Виталий Полищук - Частная (честная) жизнь, или Что выросло, то… увы!
Ну, стал заметки делать для себя, прислушиваться, что люди говорят на улицах… Ведь уже с конца 70-х годов прошлого века несуразности нашей жизни просто резали глаза любому умному человеку. Однако на партсобраниях мы с идиотским упорством продолжали дружно выражать уверенность в неизбежном построении нами коммунистического общества.
Напомню тому, кто не знает, что это за общество – это когда любой может работать или не работать, а откуда-то всем будут сыпаться немыслимые блага. Как из волшебного рога изобилия.
В общем-то, ничего особо крамольного в статье не было, я просто доказал, что Маркс и Ленин ошибались, что социализм – это и есть закономерная форма общественно-экономического устройства, что его (социализм то есть) нужно беречь и укреплять всеми силами, а не пытаться строить какой-то мифический коммунизм…
В статье было несколько конкретных предложений, как укрепить наше общественно-экономическое устройство – кстати, теперь, по прошествии многих лет, я знаю, что именно в направлении моих мыслей действовали руководители Китая, и сумели поэтому сохранить свое социалистическое общество и государство… Вот только в последнем абзаце статьи я, ссылаясь на соответствующий пункт Устава нашей коммунистической партии, потребовал организовать и провести в СССР о б щ е п а р т и й н у ю дискуссию по проблемам, которые я осветил в статье.
Именно поэтому осенью 1988 года я послал статью не только в журнал, но и Генсекретарю компартии Горбачеву – ведь требовал я проведения ни много ни мало общепартийной дискуссии, ну, не журнал же должен заниматься подобной глобальности вопросом!

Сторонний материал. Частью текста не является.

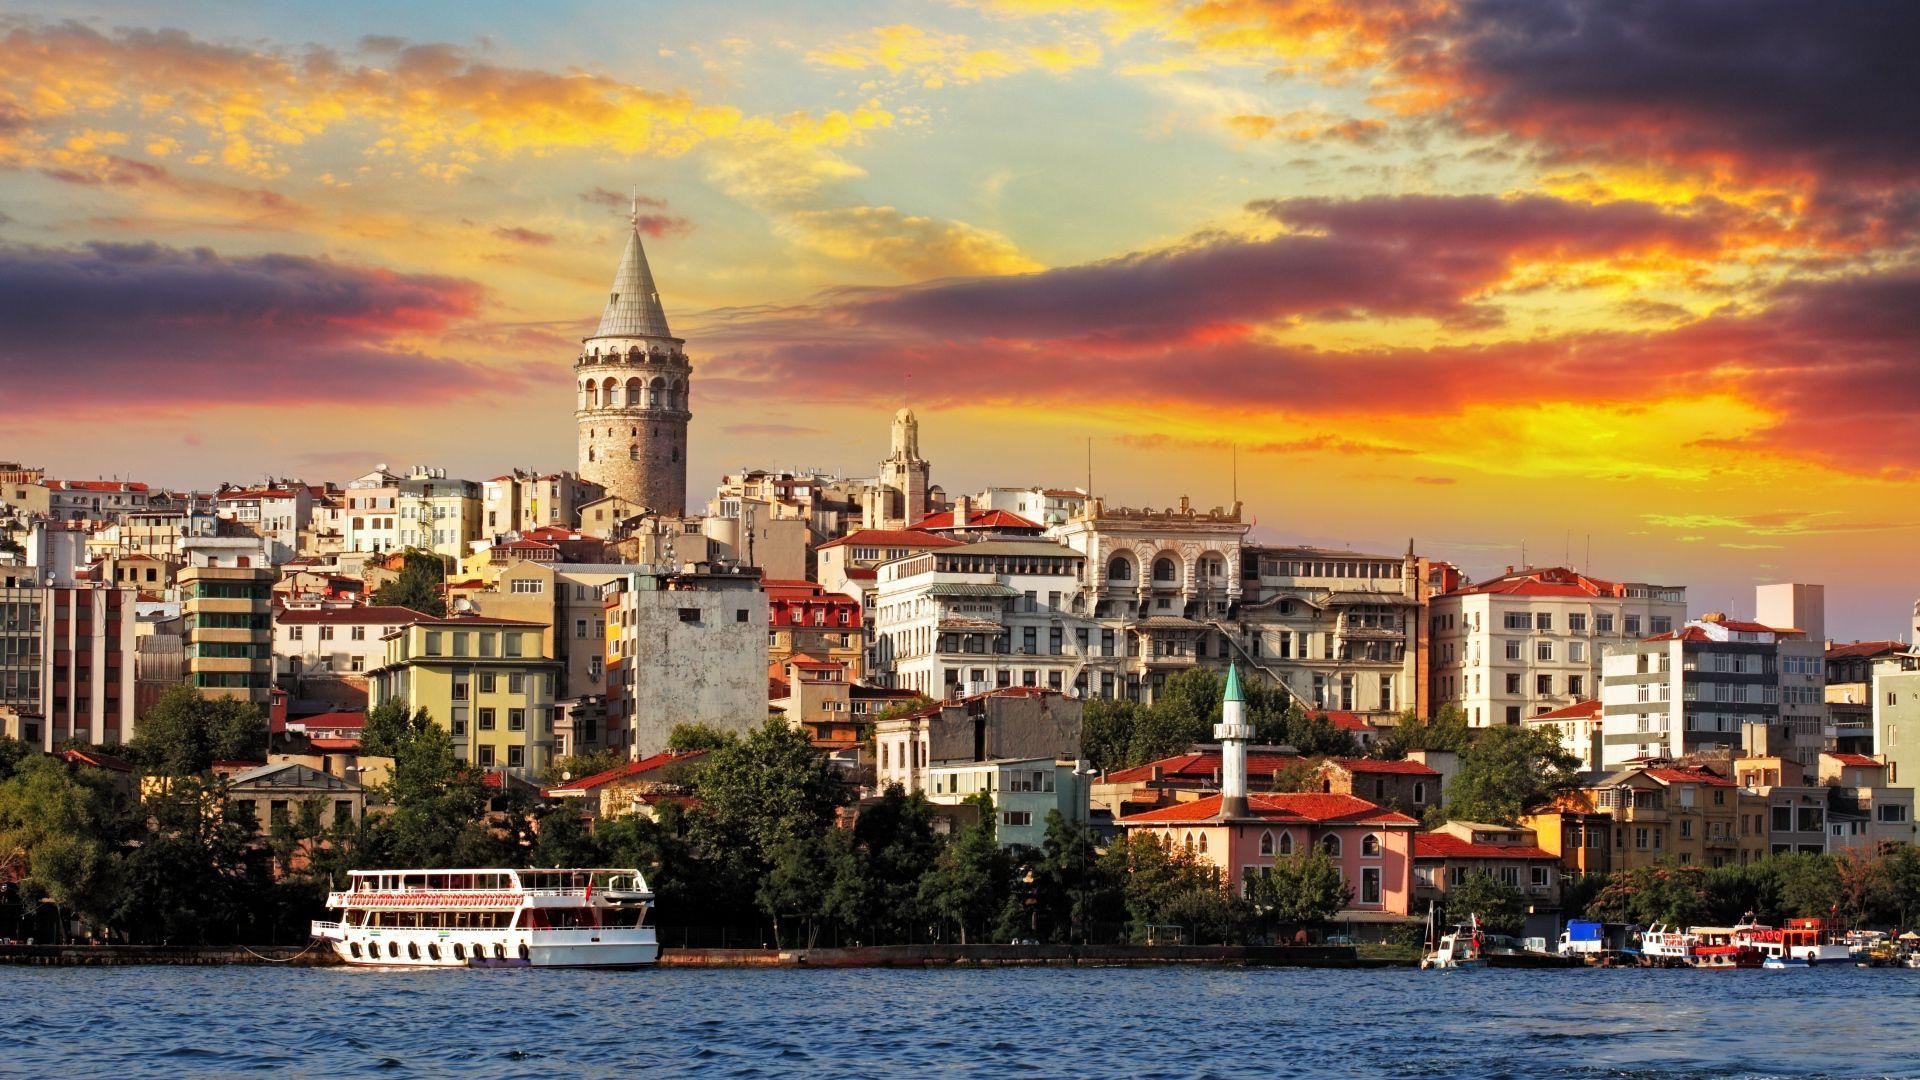 istanbul wallpaper 4k

В результате через два месяца, во время которых я, кроме обычной работы, занимался оформлением послепенсионной службы в КГБ, меня однажды вызвали в партком нашего комбината и провели со мной беседу. Кроме директора комбината и председателя парткома в кабинете присутствовали представители нашего министерства, инструктор ЦК компартии, курирующий нашу отрасль и некий человек в форме генерала милиции.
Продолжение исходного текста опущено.